Along the way, Jensen invited Vrinceanu and others to visit TRACER observation sites. (One set of instruments ended up on the rooftop of TSU’s Spearman Technology Building.)
The Path to RENEW
From there, things unfolded fast.
In mid-May 2023, TSU hosted the first TRACER science conference as well as a two-day science meeting—the Aerosol, Cloud, Precipitation, and Climate Workshop. The latter was organized by the Aerosol, Cloud, Precipitation and Climate working group, an international research consortium that first suggested Houston as the ideal place for a field campaign on coastal convective processes.
In the summer of 2023, three TSU students left for BNL to join DOE’s inaugural Environmental Justice Internship Program, part of the Justice40 initiative.
And in the fall of 2023, along came the RENEW grant.

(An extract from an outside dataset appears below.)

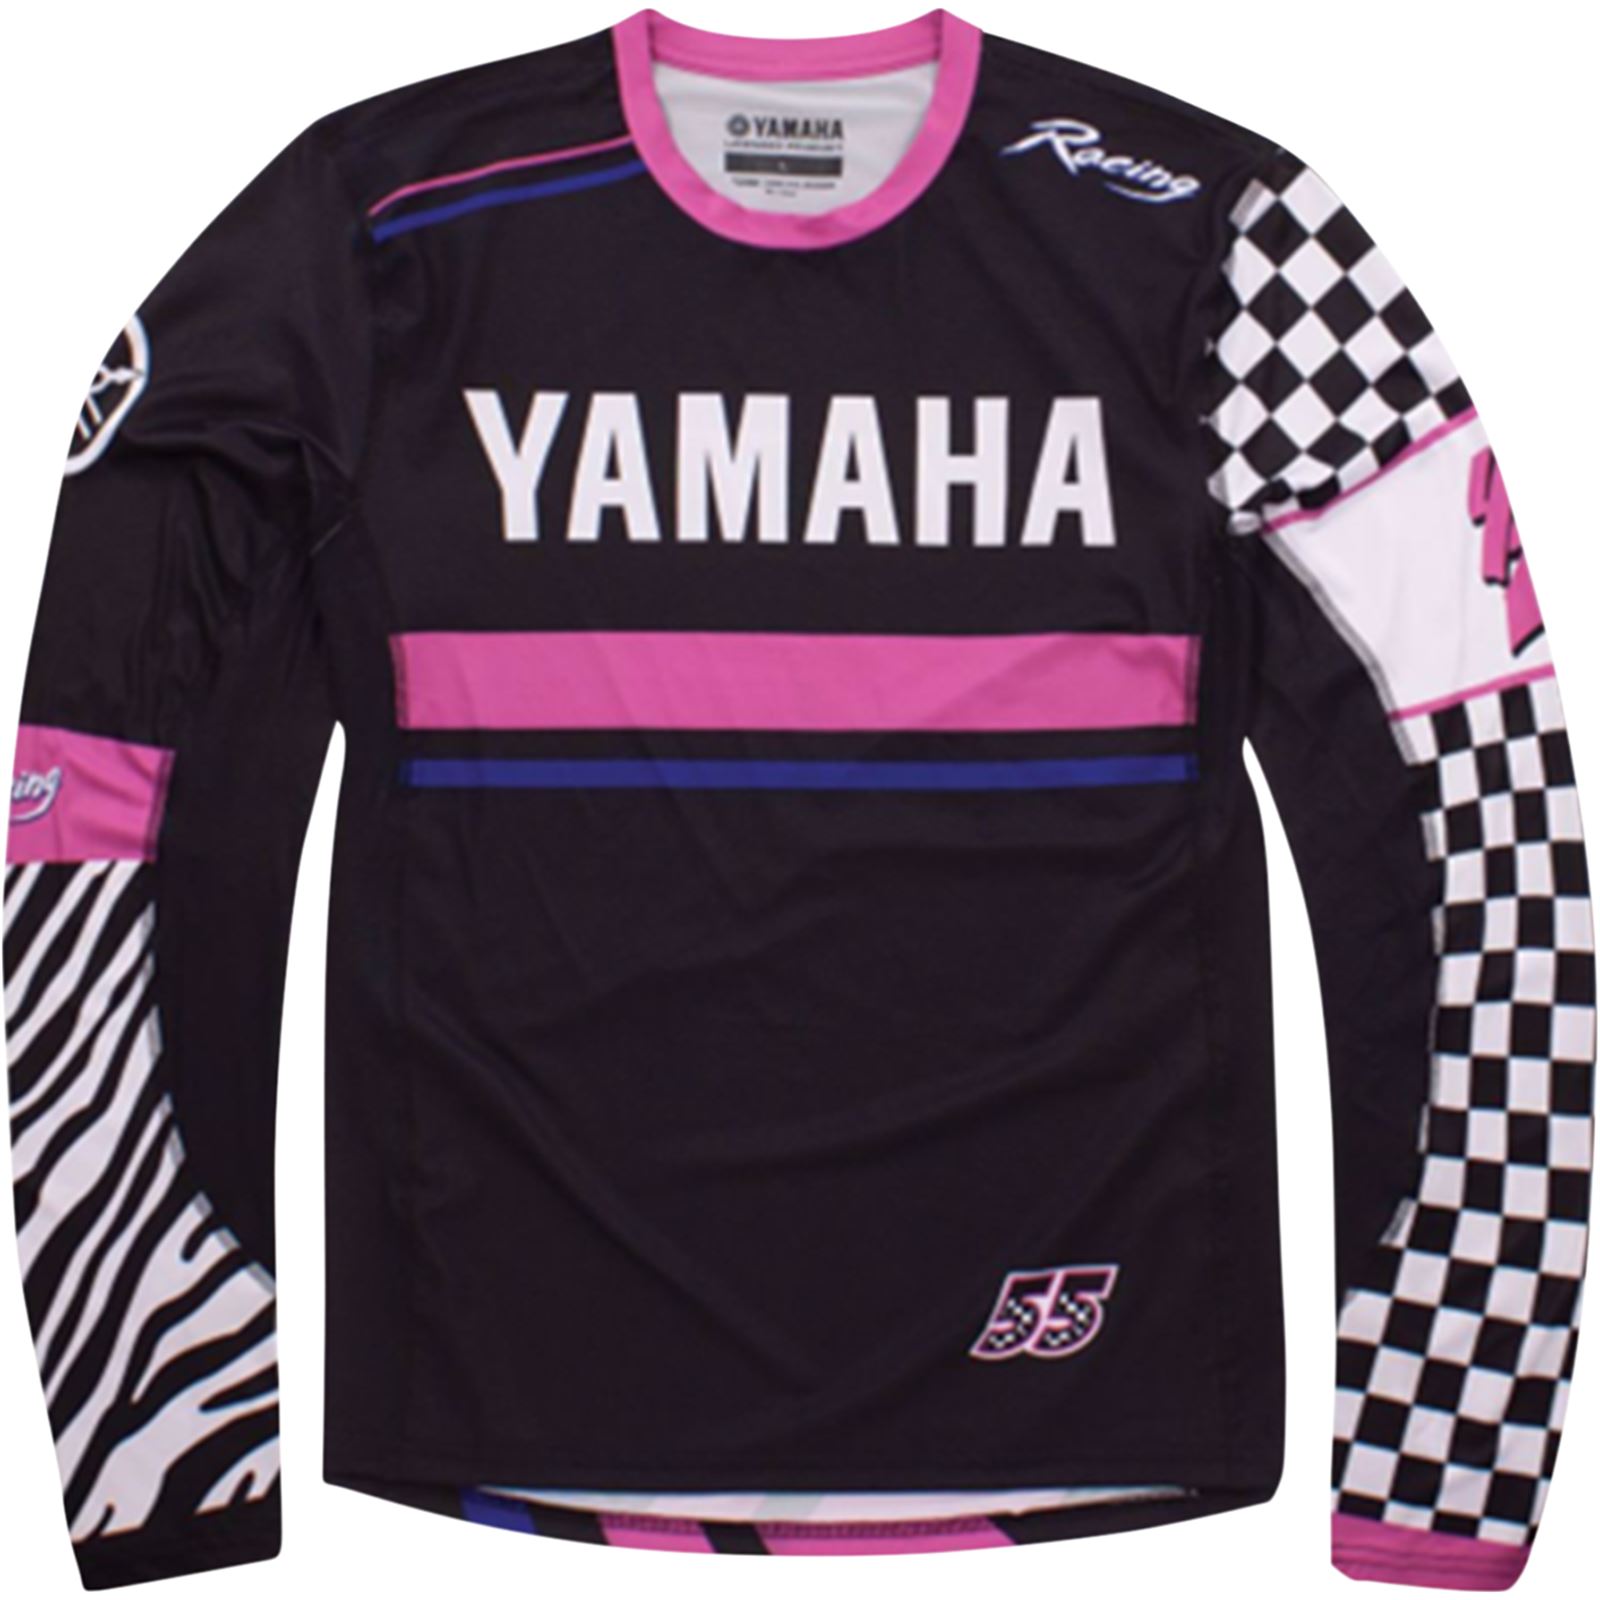 Yamaha Moto Long-Sleeve T-Shirt - Multi - Large

RENEW allows TSU to expand what had been a limited Summer Undergraduate Research Program (SURP). The RENEW project means that TSU can expand the SURP experience, says Vrinceanu, which traditionally concludes with students presenting their research at an August symposium.
In June 2024, six TSU undergraduates (up from three the summer before) will report to BNL for 10 weeks of training and immersion in atmospheric science.

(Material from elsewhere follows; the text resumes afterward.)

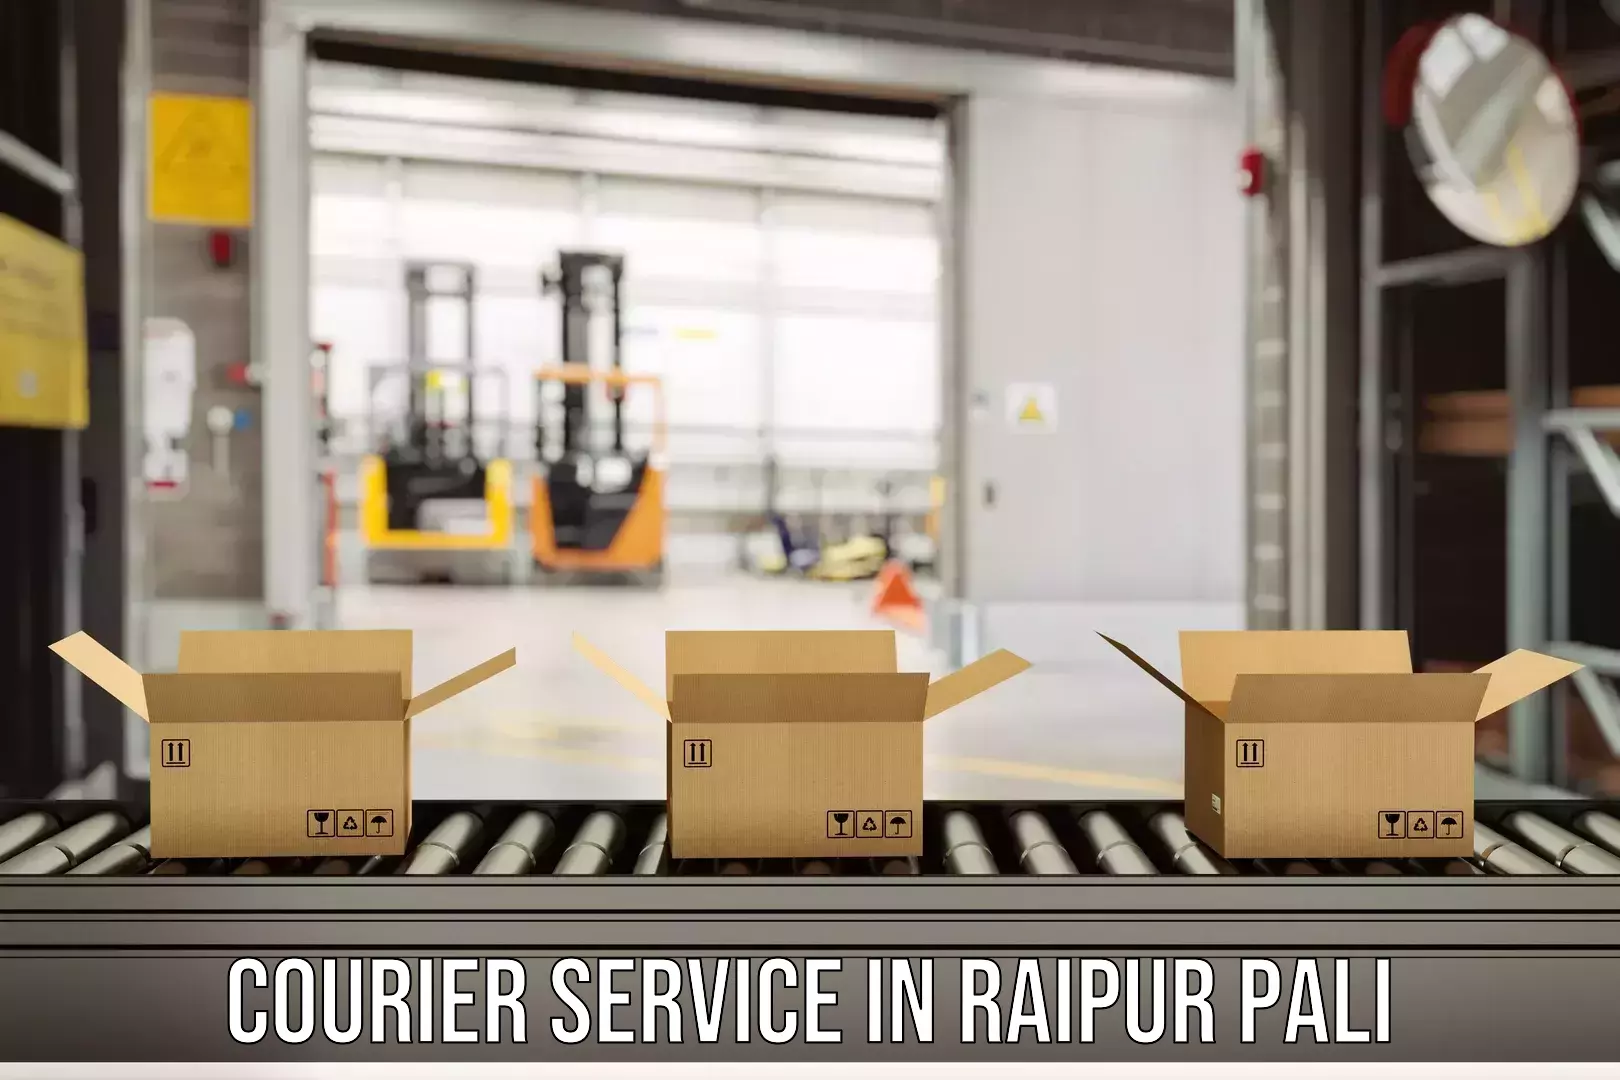 Express logistics in Raipur Pali

One graduate student and eight undergraduate students at TSU are part of RENEW. By chance, all of them are women and most are studying chemistry.
The TSU-BNL exchange is not exclusively about atmospheric science. During one 2023 visit to BNL, Vrinceanu joined RENEW co-PI Bruce Prince and TSU interns for an overview of the sPHENIX detector, a radical upgrade of the Pioneering High Energy Nuclear Interaction eXperiment (PHENIX). The 1,000-ton, two-story device detects particles from BNL’s Relativistic Heavy Ion Collider, capturing the products of up to 15,000 collisions per second.
Jensen is a de facto RENEW faculty member, joined by two co-PIs: Chongai Kuang and Maria Zawadowicz, both BNL aerosol researchers. All three are guest lecturers in Vrinceanu’s classes via video conferencing, and occasionally in person when they have a chance to deliver talks on campus.
During such visits, the students get very excited at the idea of meeting “somebody from the field, from the trenches,” says Vrinceanu.
In accepting the idea of RENEW, he remembers, “We said: Why not? Even though we are not experts, we can explore──and we may even end up helping them.”
Three Teams, Three Projects
TSU already offers a master’s degree in chemistry. Vrinceanu foresees a day soon when the university adds a master’s degree in physics with an optional track in atmospheric science. (A PhD degree, he adds, is on the drawing board too.)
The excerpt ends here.